RECORDED DATA:
[Start of section]

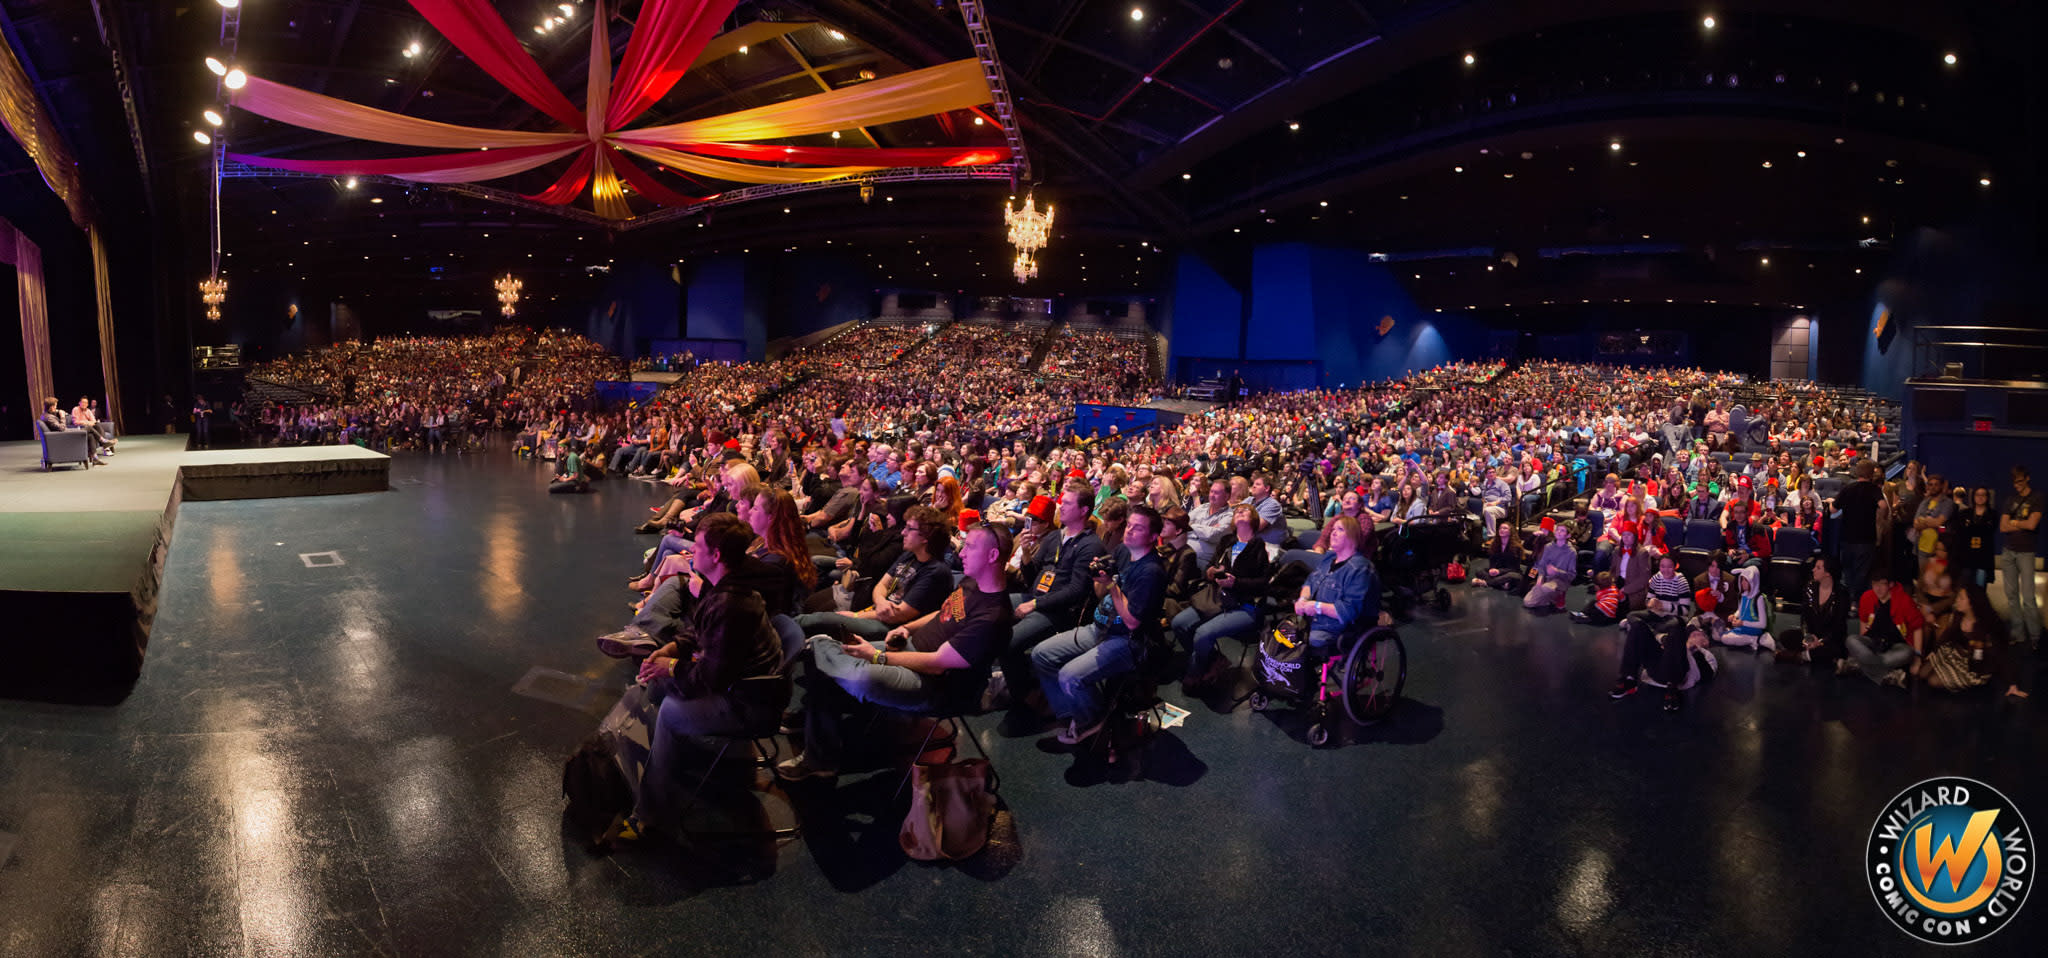 Wizard World Comic Con stage
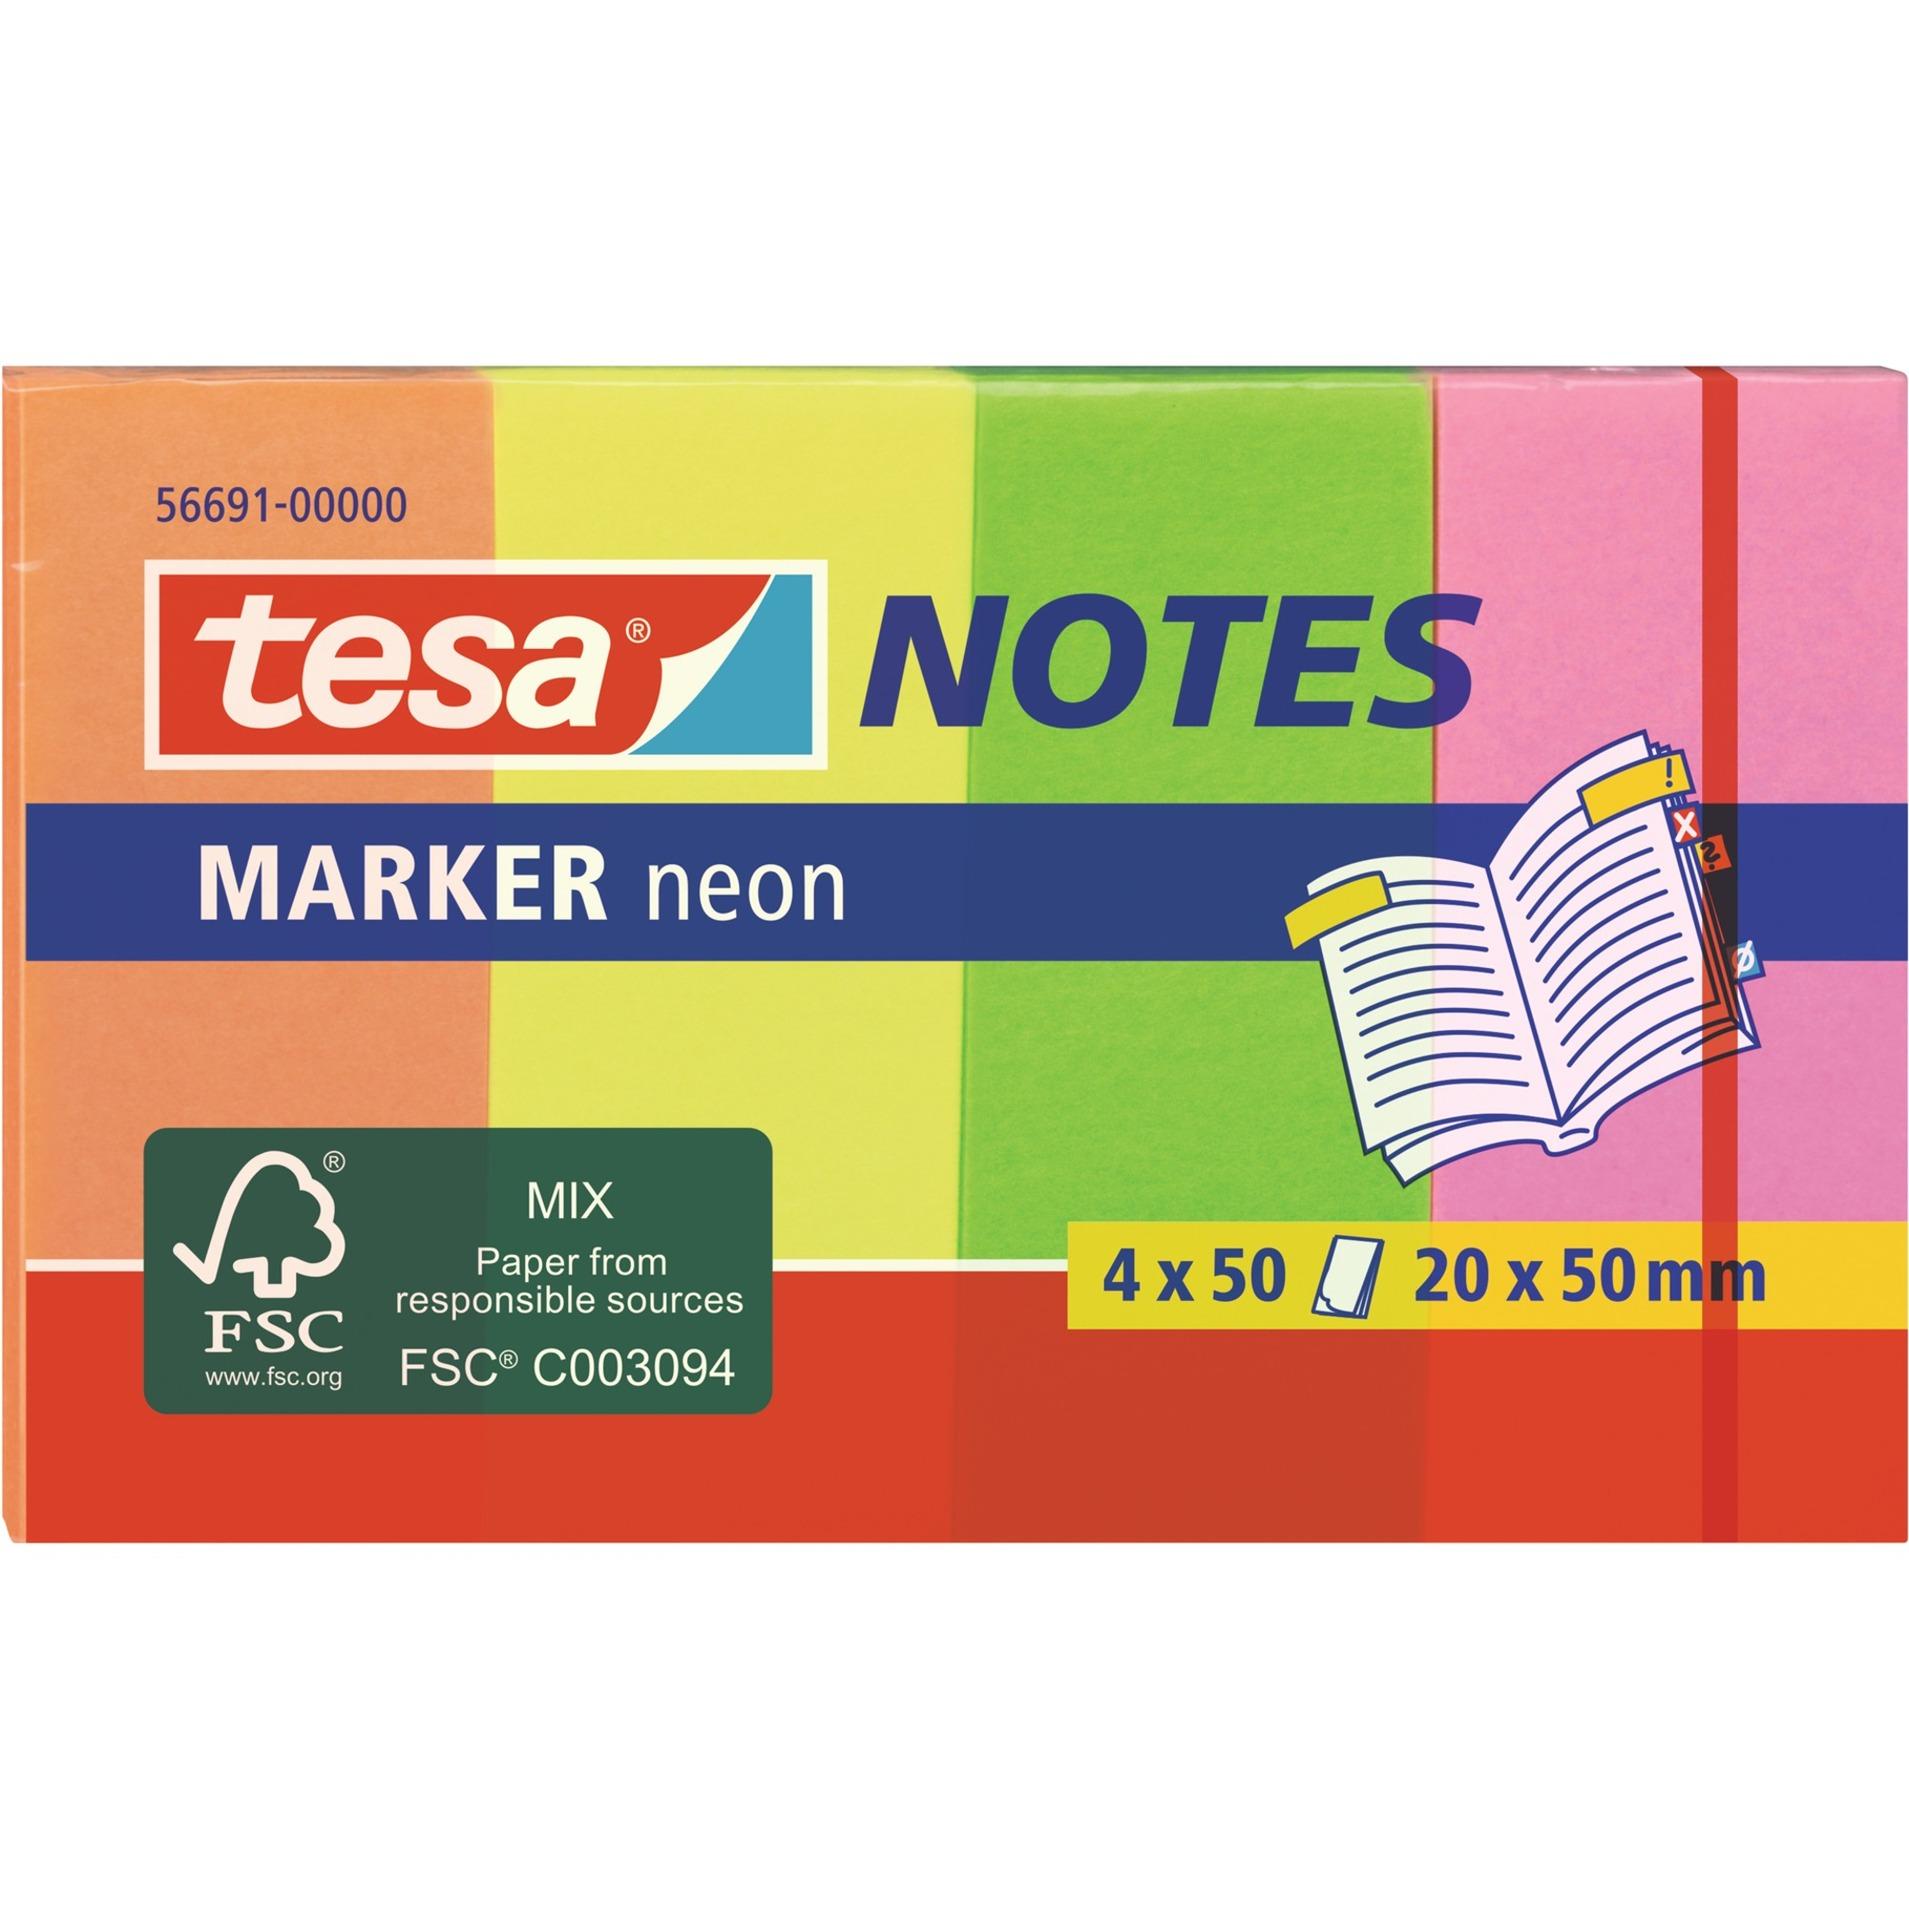 Image of Marker Notes neon, 4 x 50 Blatt, Aufkleber
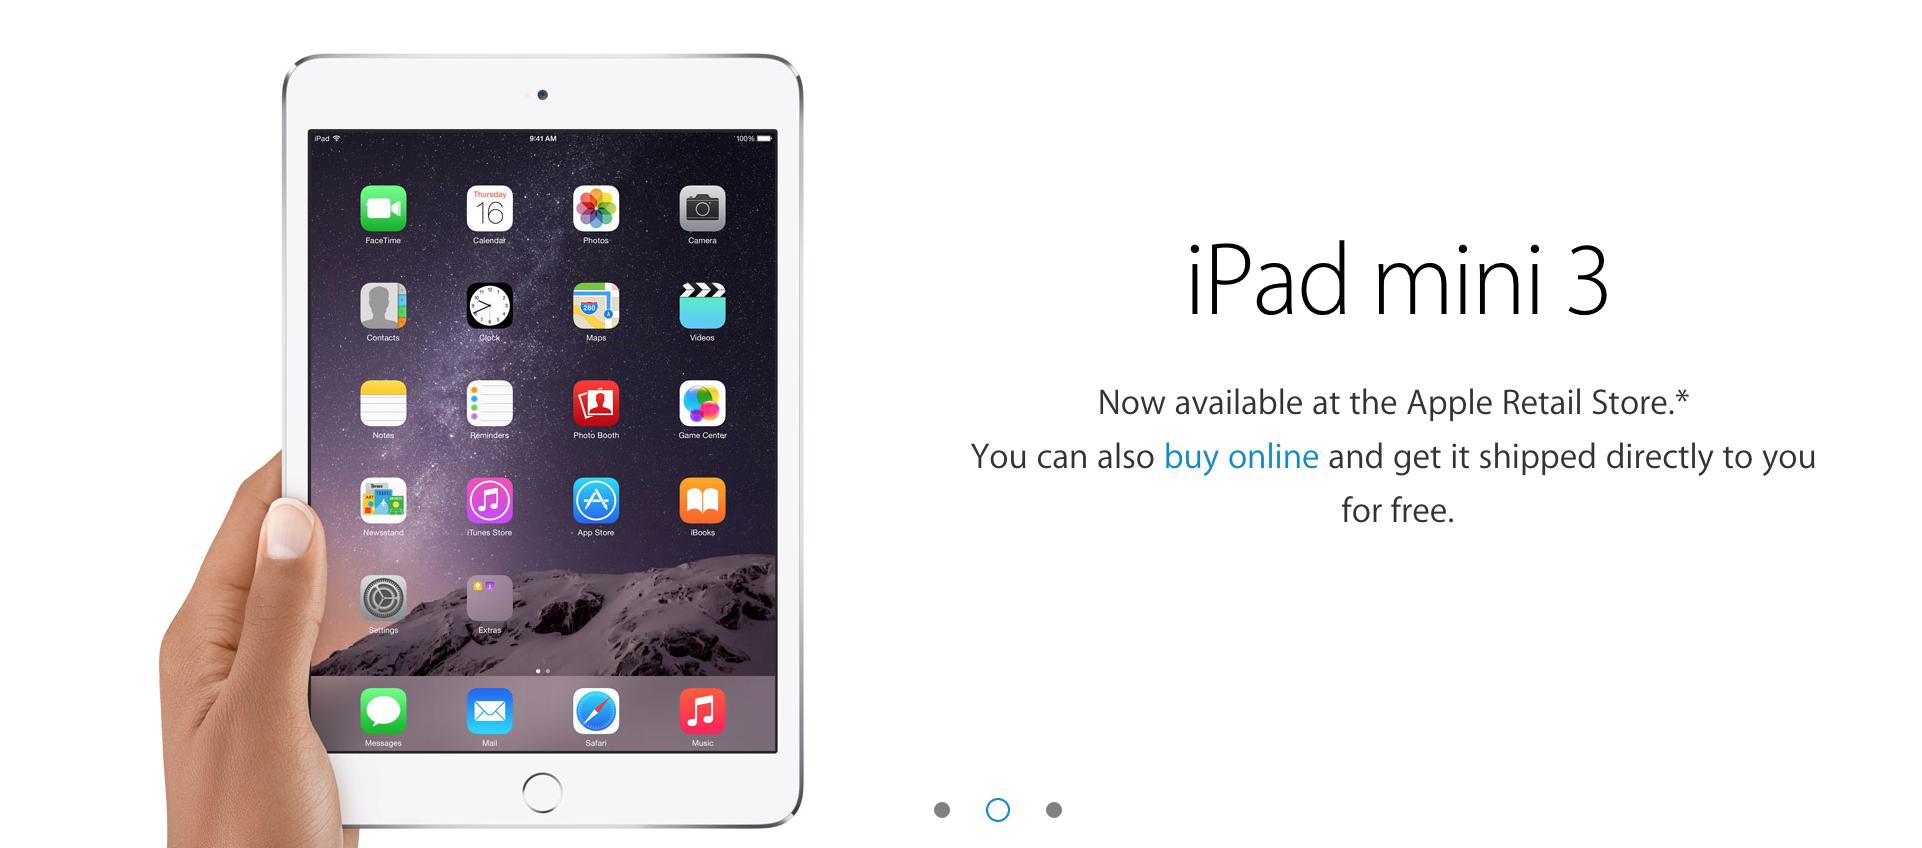 iPad mini 3 Apple retail store

[End of section]

PROBLEM TO SOLVE:
Copy the listing exactly. No images belong in the copy.

SOLUTION FOR THIS TASK:
 Wizard World Comic Con stage
 Image of Marker Notes neon, 4 x 50 Blatt, Aufkleber
 iPad mini 3 Apple retail store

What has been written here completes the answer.